Robert Lujan v. the State of Texas
This text of Robert Lujan v. the State of Texas (Robert Lujan v. the State of Texas) is published on Counsel Stack Legal Research, covering Court of Appeals of Texas primary law. Counsel Stack provides free access to over 12 million legal documents including statutes, case law, regulations, and constitutions.
Opinion
IN THE TENTH COURT OF APPEALS
No. 10-23-00359-CR
ROBERT LUJAN, Appellant v.
THE STATE OF TEXAS, Appellee
From the 19th District Court McLennan County, Texas Trial Court No. 2022-562-C1
MEMORANDUM OPINION
Following a jury trial, Appellant was convicted of aggravated assault and
sentenced to life in prison. See TEX. PENAL CODE ANN. §§ 12.42(d), 22.02. In his sole issue
on appeal, Appellant contends that the trial court erred by admitting video evidence of a
witness’s prior out-of-court statement. We affirm. DISCUSSION
Appellant complains of the trial court’s admission of State’s Exhibit 11 during the
guilt-innocence phase of trial. State’s Exhibit 11 consists of two video clips, each less than
one minute in length. In these video clips, a witness describes to law enforcement the
type of vehicle that Appellant was driving during an incident unrelated to the present
case. At trial, the State called this witness to testify. After the witness testified that he did
not recall the conversation with police where he described the vehicle driven by
Appellant, the State offered State’s Exhibit 11 into evidence. Appellant objected, “He
hasn’t said that he didn’t say anything and that he didn’t talk to the police. Saying he
doesn’t remember doesn’t allow them to bring in extrinsic evidence to impeach him.”

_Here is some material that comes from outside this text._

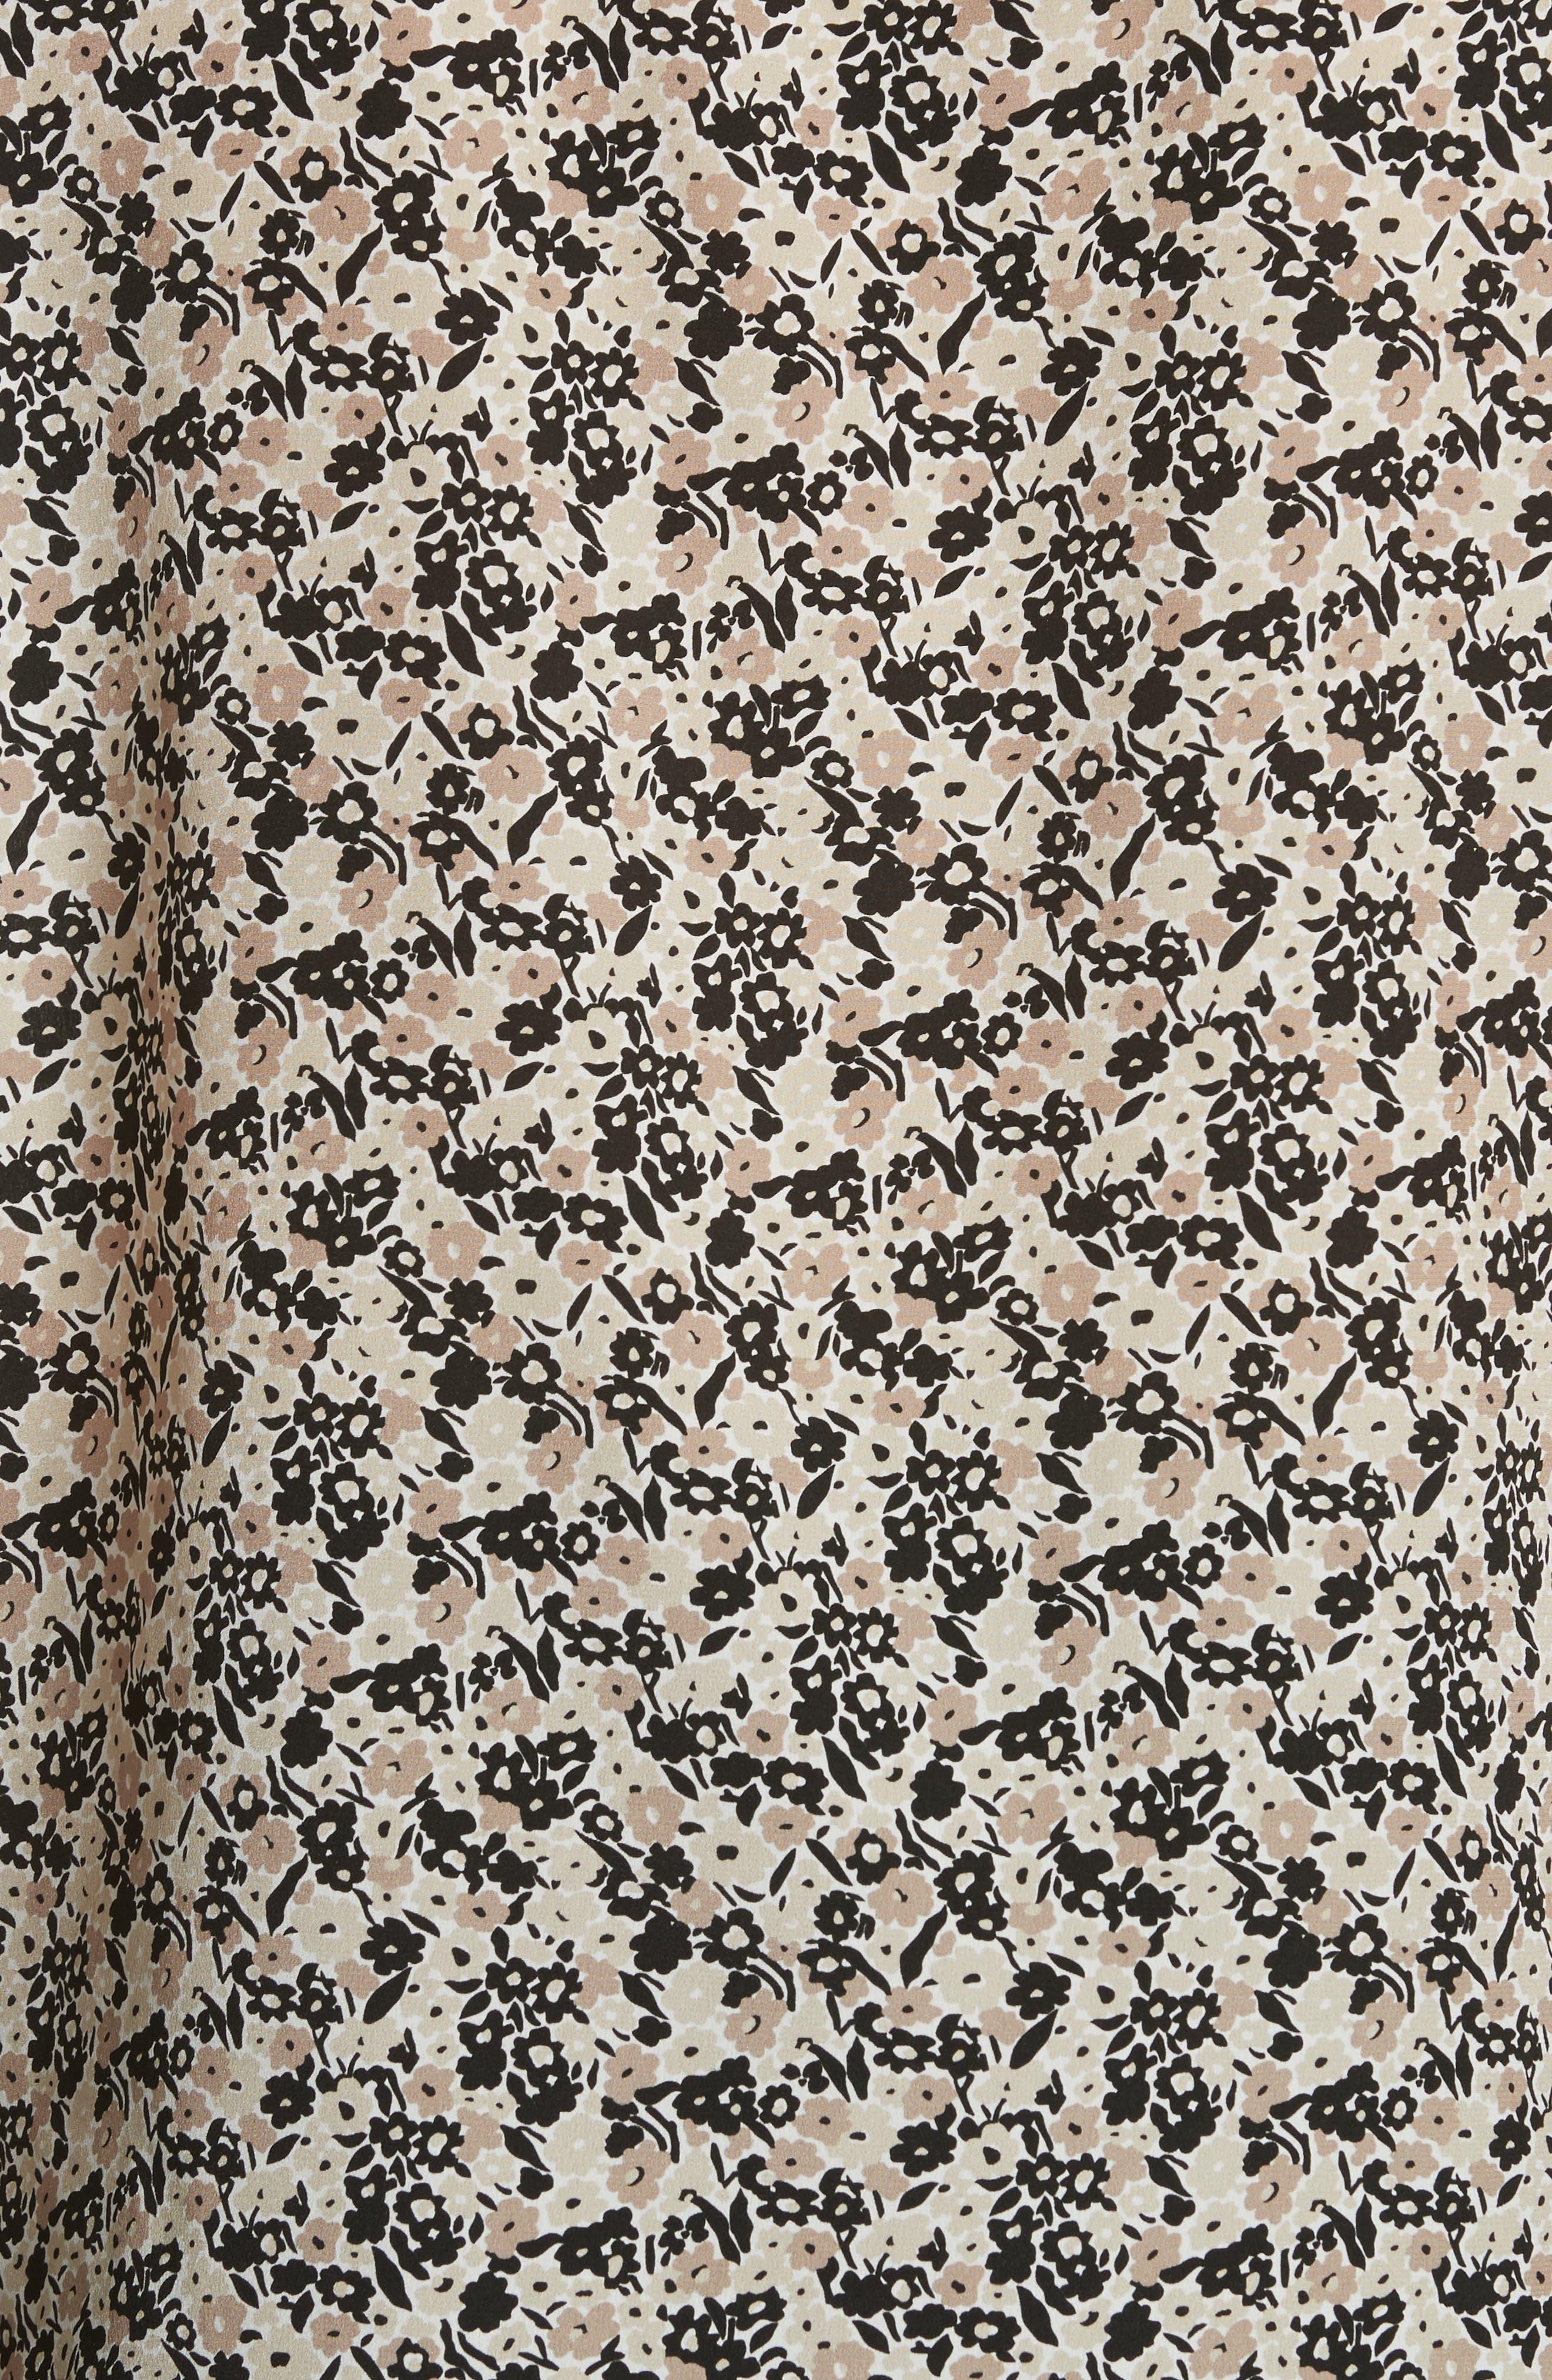 Louvre Print Silk Top,                             Alternate thumbnail 5, color,                             256

The trial court overruled the objection and granted Appellant a running objection.
A witness’s prior inconsistent statement may be used to impeach the witness’s
credibility. See TEX. R. EVID. 613(a). On appeal, Appellant concedes that State’s Exhibit
11 was admissible for impeachment purposes because the witness failed to unequivocally
admit to making the statement. See McGary v. State, 750 S.W.2d 782, 786 & n. 3 (Tex. Crim.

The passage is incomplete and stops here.